Bathing your new baby may feel a little daunting at first, and a few questions for nerve-wracked first-timers may cover a wide range of concerns such as: What do I actually need for bathing my baby? How will I know if the water is too hot or too cold? Will I be able to keep a grip of a wet baby? How often do I need to bathe my baby?
Bathing newborn babies
Like anything new, bathing your baby may take a bit of practice before you feel confident, but once you get the hang of it, bath time can become an enjoyable and relaxing experience for you and your baby. It’s important to remember that as long as your baby is clean and healthy, there are no set rules on how you have to do it. Nonetheless, these guidelines may prove helpful.
- Showers – If you’re bathing a newborn baby, you may prefer to take them into the shower with you. As you hold them against your chest, you can just gently wash them. (It may also be quite nice for Dad to get involved in showering with baby – the hairs on his chest could be handy for baby to hold onto!) Just remember to keep the water temperature warm, rather than hot.
- Sink washes – A number of change tables include a baby bath underneath the changing mat. The benefit of these, especially for mums who have had a caesarean delivery, is that they are at a comfortable height. However, they do need filling and draining, which may make them a bit awkward to move around. A good alternative to these baby baths is simply to use the kitchen sink – just make sure it’s clean before you start. You’ll find that it’s at a height just as comfortable for washing baby as for washing dishes.
- Baby baths – The other alternative is to bathe your baby in a baby bath, either placed on a stand or counter or placed in your full-sized bath. Baby baths are not very expensive, only need a certain amount of water and can be positioned at a comfortable height. However, it won’t be long before your baby outgrows the baby bath and you need to find somewhere to store it.
- Sponge baths – You don’t need to wash your newborn baby every day; two or three times a week is fine at first. Between full baths, you can also give your baby a sponge bath – hold the baby on your lap and with a bowl warm of water nearby, remove the minimum amount of clothes at a time and gently sponge baby clean.
The basics needed for bathing your baby
Before taking the plunge, so to speak, get everything you will need for baby’s bath time. Here’s a suggested list:
- Baby bath (see above for alternatives)
- Changing mat
- Bowl of cooled boiled water
- Cotton wool
- Cotton buds (optional)
- Thick, fluffy bath towel (warmed on towel rail, if you have one)
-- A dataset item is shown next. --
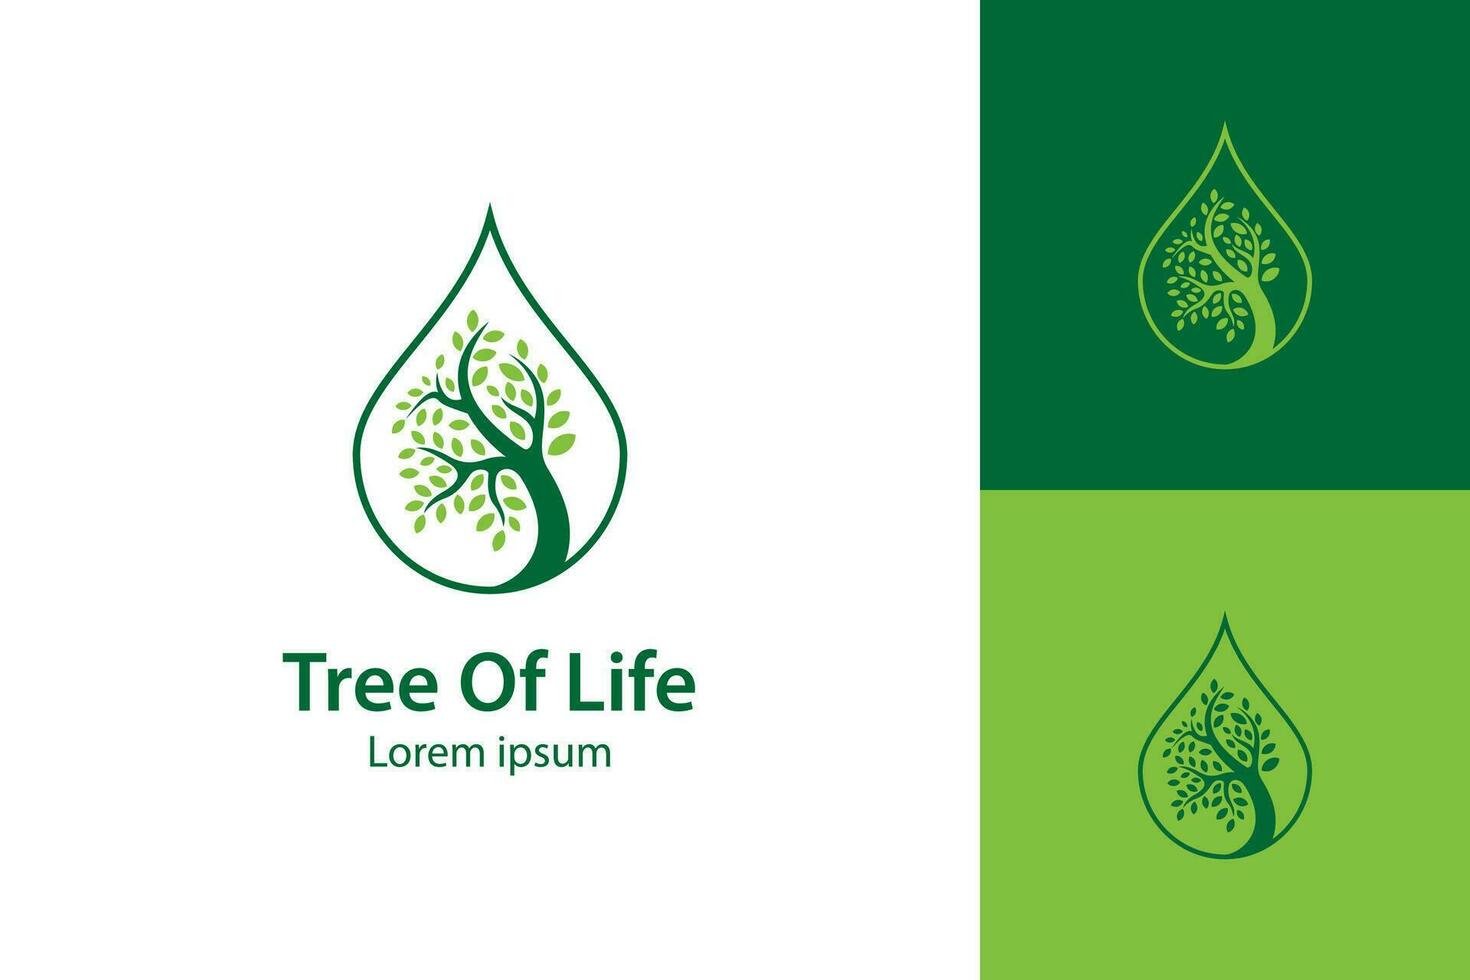 träd och droppar eller vatten kombinerad med träd liv logotyp design illustration för ekologi, miljö och lantbruk vektor ikon logotyp

- Baby bath, lotion and/or baby shampoo
- Baby powder
- Nappy changing equipment and a clean nappy
- Clean clothes
A few guidelines for a safe and happy baby bath time
To keep baby warm and comfortable, as well as clean, follow these guidelines for stress-free baby bathing:
- Babies feel the cold quickly, so make sure the room you are bathing him in is warm and draught free – about 21 degrees (a warmed towel is also nice for him to be wrapped in)
- Add cold water first, then hot water – before you start bathing baby
- Keep the water shallow (up to 13cm)
- Always check the temperature of the water to make sure it is comfortable for your baby
- If you are using a full-sized bath already, make sure that taps are not hot or dripping hot water – wrap a towel or flannel around them
- If your baby can’t sit up yet, always support him behind the neck whilst he’s in the water
- Don’t allow your baby to pull himself up or stand unsupported in the bath
- Bath your baby when he is not tired, not hungry and not just after he has eaten (straight after a feed may make him sick)
- Add some baby bath oil to the water – it’s less drying than soap and makes cleaning your baby easier (newborns can be washed with just water at first)
- Smile and chat to your baby and play with the water – help your baby associate water and bath time with fun
- Let baby play with sponges, plastic cups and rubber ducks
- Dry your baby as quickly as possible when he’s out of the water and dress him quickly to keep him warm
Finally, never leave your baby unattended in the bath – not even for a second!